Nessa salada maluca, sempre que possível Gabriel prestava mais atenção às letras do que ao resto, fossem as comédias musicadas do Eduardo Dusek ou o som mágico das guitarras do Dire Straights, traduzindo como podia o que era em inglês e entendendo como podia o que era em português, o que deve explicar o fato de ele nunca ter tido vontade de aprender a tocar um instrumento qualquer. Gostava de escrever redações no colégio e de desenhar, às vezes inventando uma ou outra estória em quadrinhos com textos. Volta e meia fazia suas próprias versões para letras de músicas que ouvia, e nessa brincadeira acabou criando também algumas músicas inéditas, com letra e melodia, que gravou numa fitinha cassete. Isto foi quando estudava no Senador Correia, onde cursou a quinta série, e uma das músicas foi a tal inspirada na pitoresca "ocorrência" das Lojas Americanas. Esta música ficou na cabeça de alguns colegas do Pixote, que a inscreveram no Sarau do colégio no ano seguinte, quando ele já tinha ido pro Andrews.

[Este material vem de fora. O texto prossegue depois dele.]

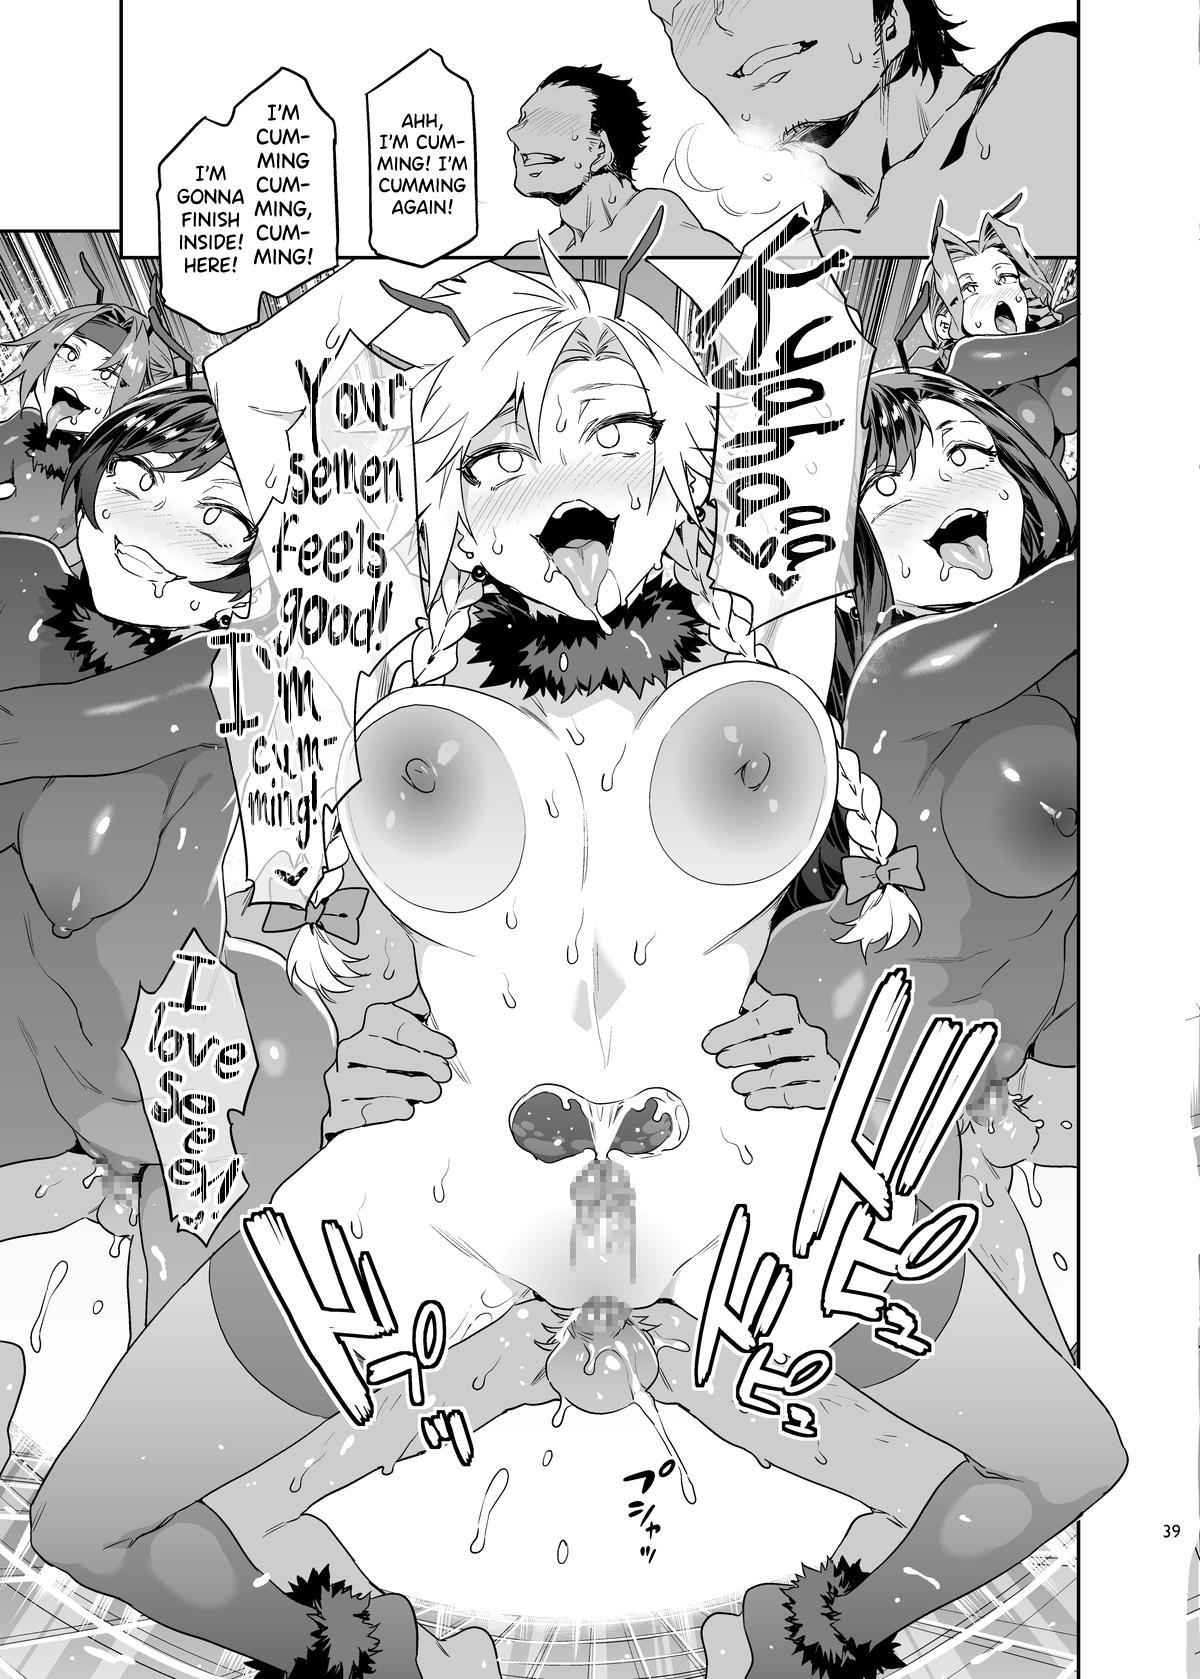 [Alice no Takarabako (Mizuryu Kei)] Mitsubachi no Yakata Nigou-kan Seventh Heaven-ten (Final Fantasy VII) [English] [biribiri] [Digital] 42

E os desgraçados não fizeram nem um esforço para localizá-lo e avisá-lo do concurso, o que foi uma pena, pois só mesmo muitos anos mais tarde Gabriel ficou sabendo que a sua música tinha sido a grande campeã do Sarau, cantada e tocada por seus ex-colegas, que pelo menos não deixaram de dizer pra galera que aquela era a música do Pixote, se bem que a letra já deixava isso bem claro.

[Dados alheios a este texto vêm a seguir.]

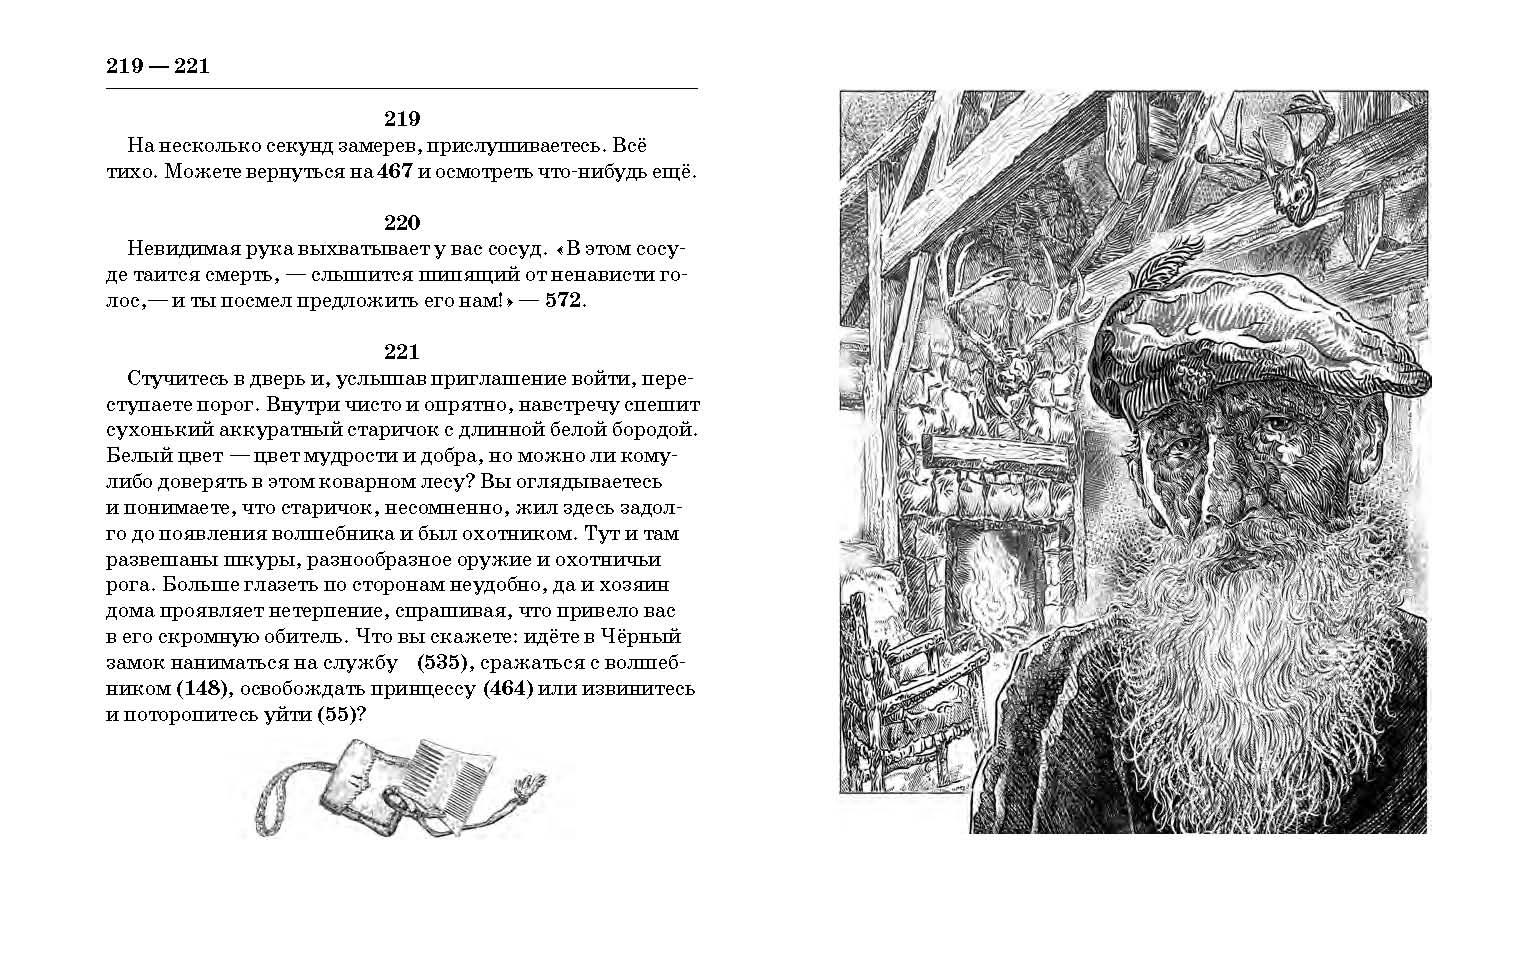 Браславский дмитрий книги скачать бесплатно

Uma curiosidade: uma das músicas concorrentes, que falava sobre o sumiço (fictício) da chave do colégio e havia sido criada e apresentada por uma menina chamada Ana Célia, ficou em segundo lugar na votação, que era feita através da medição (visual e auditiva mesmo) dos aplausos. Quando anunciaram a vitória da composição do Pixote, essa menina se lembrava vagamente do moleque, pois já o tinha visto num dia do outro ano, quando quis saber quem era o culpado pela mudança nas regras restringindo a sagrada saída no recreio e lhe apontaram o próprio, que distraidamente jogava seu futebol. Nem ele nem ela poderiam imaginar que no futuro se conheceriam, se apaixonariam e formariam um casal, e que entre outras coisas maravilhosas como beijo, cafuné e criança, iriam passar a fazer também música juntos. Coisas do destino.

Além da música vencedora, Gabriel tinha feito outras quatro, sendo que uma delas, chamada Prefeito vagabundo, também ficou entre as primeiras colocadas no mesmo Sarau. E ninguém avisou nada pro Pixote. Sacanagem!

Talvez se tivesse sabido do sucesso dessas musiquinhas que tinha feito aos onze anos em forma de brincadeira, Gabriel continuasse pensando mais em música aos doze, aos treze e aos quatorze, mas não. Nessa altura o Pequeno tinha ido pra São Conrado e só queria surfar e praticar esportes, sem deixar de escrever redações elogiadas na escola, mas não muito mais do que isso. Ouvia muita música, como sempre, principalmente do Run DMC e dos Beastie Boys, numa mesma fitinha cassete que fazia os alto-falantes pedirem arrego. Ouvia tanta coisa e gostava de muita também, mas aquela estória de fazer musiquinhas tinha sido mesmo um momento isolado e esquecido até então; e mesmo que ainda tenha chegado a fazer umas rimas satirizando colegas na sala de aula e fazendo os amigos cairem na risada, ou alguma outra coisa parecida em São Conrado que o Janjão até hoje diz que lembra e o Pequeno nem consegue mais achar na memória, a verdade é que a música não era nem de longe um objetivo na mente do garoto. Mas também não havia nenhum outro grande objetivo por lá. Era cedo para isso.